If we multiply the second column by any number while ignoring the first, we get the zero vector. This shows that the vector \((0,1)\) is in the null space:

\(A\begin{bmatrix} 0 \\ c \end{bmatrix} = \begin{bmatrix} 1 & 0 \end{bmatrix} \begin{bmatrix} 0 \\ c \end{bmatrix} = 1 \cdot 0 + 0 \cdot c = 0\)

with \(c \in \mathbb{R}\). Notice that any multiple of this vector also stays in the null space. In general, if \(A\mathbf{x}=\mathbf{0}\), then

\(A(c\mathbf{x}) = cA\mathbf{x} = c\mathbf{0} = \mathbf{0}\)

The input space of the matrix is \(\mathbb{R}^2\) and its output space is \(\mathbb{R}\). It only “reads” the first coordinate of any input vector and completely ignores the second. This is exactly the example we saw when we first explored linear transformations: we lose information, we lose a dimension.

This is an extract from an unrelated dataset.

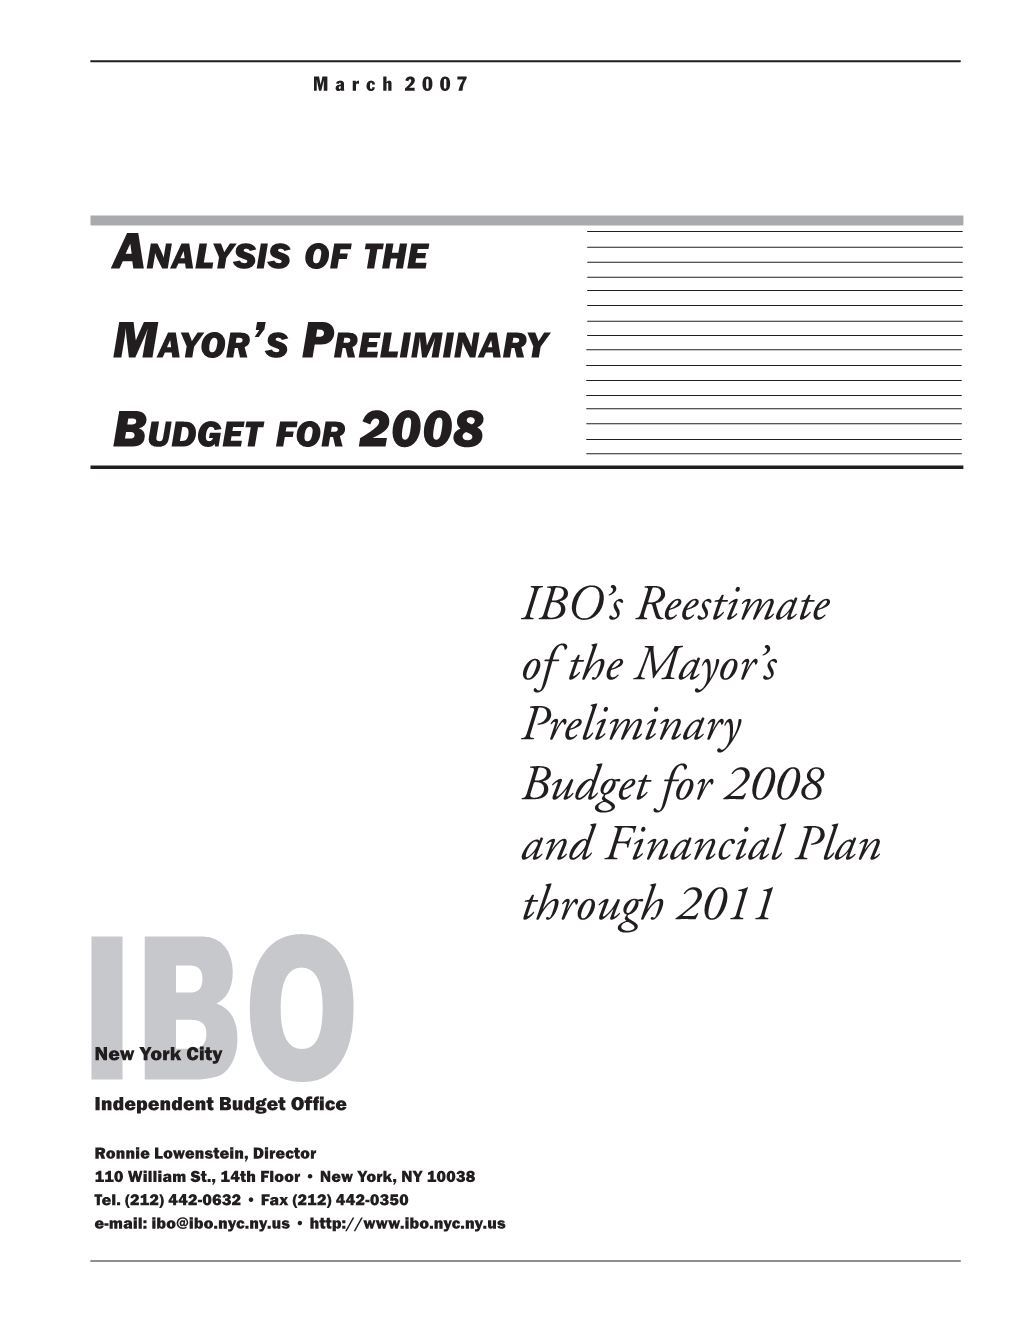 Analysis of the Mayor's Preliminary Budget for 2008 and Financial Plan

You can see that this whole line of vectors gets crushed down to the zero vector by this dimension crusher matrix. Remember, the subspaces of \(\mathbb{R}^n\) include \(\{0\}\), lines, planes, or hyperplanes through the origin. Depending on the matrix, the null space can be any of these subspaces. Geometrically, this means that every vector on that line, plane, or hyperplane is sent to zero after the transformation. It could even be the entire space, take, for example, the following matrix:

\(A = \begin{bmatrix} 0 & 0 \\ 0 & 0\end{bmatrix}\)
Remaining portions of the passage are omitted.